# [SOLVED] Can't move mkv files to a different folder



## hulivar (Dec 15, 2009)

I am having trouble with mkv files. Before you ask, yes I can play them fine with vlc media player. I also can delete them easily with a unlocker program. My problem is once an mkv file is on my computer I cannot move it. In case you are wondering this happens with every mkv file. They are not corrupt in any way. For some reason Windows Explorer decides to lock them up (when I use lock hunter it says that the mkv file is in use by Windows Explorer). I have looked at a lot of tech forums but it's always people that need help deleting. The few that I have found where people need help moving them, there problem is always solved because they didn't realize their external hard drive had to be converted from FAT to NTFS. It seems no one has the answer to this. 

If this problem can't be solved this is my second question. What happens if I convert the mkv file to an avi or something else? Will it mess with the file at all? Will it erase the subtitles or something? I've heard an mkv file is special because it can store subtitles and lots of other things. I'm thinking if I can convert it to something else then it will allow me to move it around from folder to folder. Not really wanting to test it out on a file that took half a day to download heh. I suppose I could test it on a smaller mkv file but then I would not be sure if it would work with a larger one.

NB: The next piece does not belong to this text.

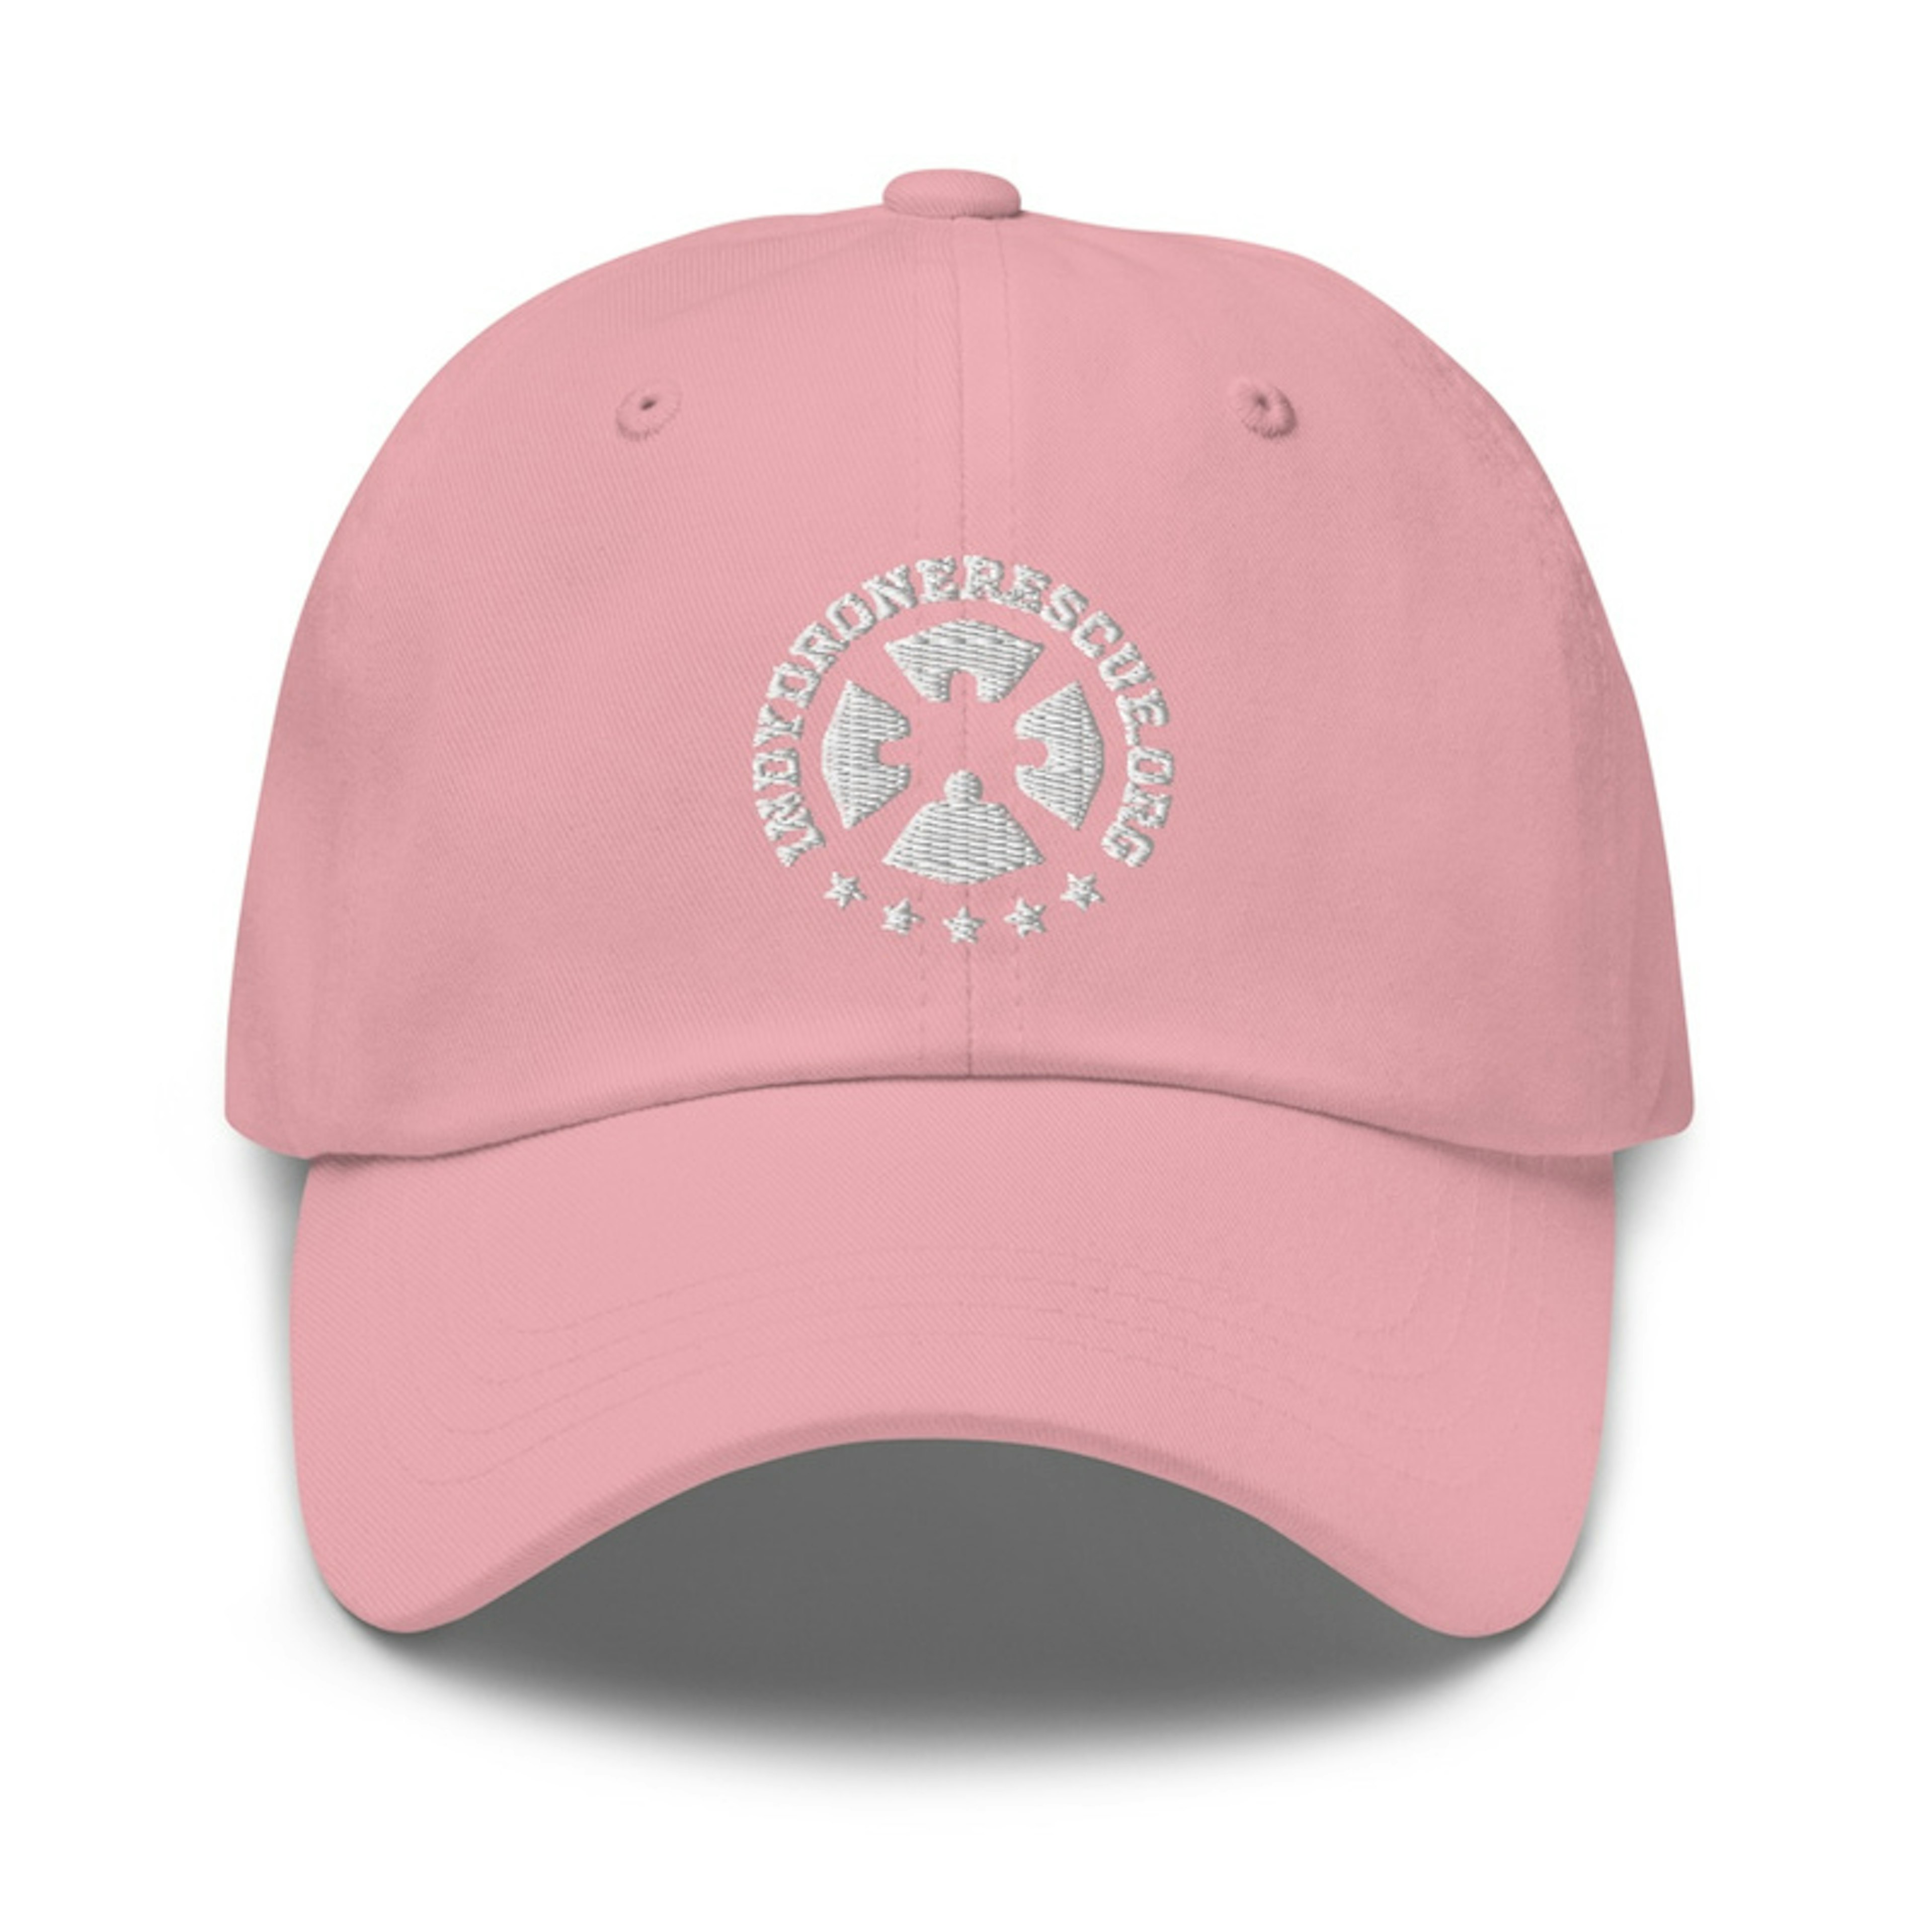 IDR Cap - Pink

Any help is greatly appreciated


----------



## shawnpb (May 30, 2010)

*Re: Can't move mkv files to a different folder*

Are the MKV files opened by any programs like VLC?


----------



## hulivar (Dec 15, 2009)

*Re: Can't move mkv files to a different folder*

wow can't believe I figured this out. I finally found 1 help thread where someone suggested deleting DIVX from the computer. I did, and BAM IT UNLOCKS THEM FOR GOOD. Can transfer them to other folders, etc.

If you look around the internet most people offer very complicated fixes to this problem. Most of the time they say just offer an unlocker utility which does not help in moving the files because they lock back up if you don't delete them.

Anyway no it's not in use by vlc rofl...ty for the help though dude.

Hopefully more people see this because this has been buggen me for years.

There is a specific divx registry item you can delete to fix it but I opted for an uninstall.


----------



## Brewking (Feb 12, 2012)

Wow. This worked. I could not move or delete MKV files. After uninstalling the DIVX software, I can do what I like with them. Good work hulivar. This had me stumped for half a day.


----------



## Craddle (Jun 18, 2012)

*Re: Can't move mkv files to a different folder*



hulivar said:


> wow can't believe I figured this out. I finally found 1 help thread where someone suggested deleting DIVX from the computer. I did, and BAM IT UNLOCKS THEM FOR GOOD. Can transfer them to other folders, etc.


I spent 2 hours searching for a way to delete an mkv file. I tried about dozen different methods. Including 2 "unlockers." None of which would delete the file. Thankfully, I finally came across this suggestion.

THANK YOU!!!:dance:


----------



## hulivar (Dec 15, 2009)

ty ty heh. Ya this problem had been bugging me for soooooooo long. Hopefully now when people google they find this thread.


----------



## tuangd (Aug 5, 2012)

I had the same problem, can't do anything with .mkv files, can't move, can't delete and can't unmount the drive with those files.
Thanks to this thread, the problem is solved!
I uninstall the DivX program and BAM! everything is fine now!:grin:

Thank you so so so much, you don't know how long I have been frustrated! :banghead:

:grin::grin::grin::grin::grin:


----------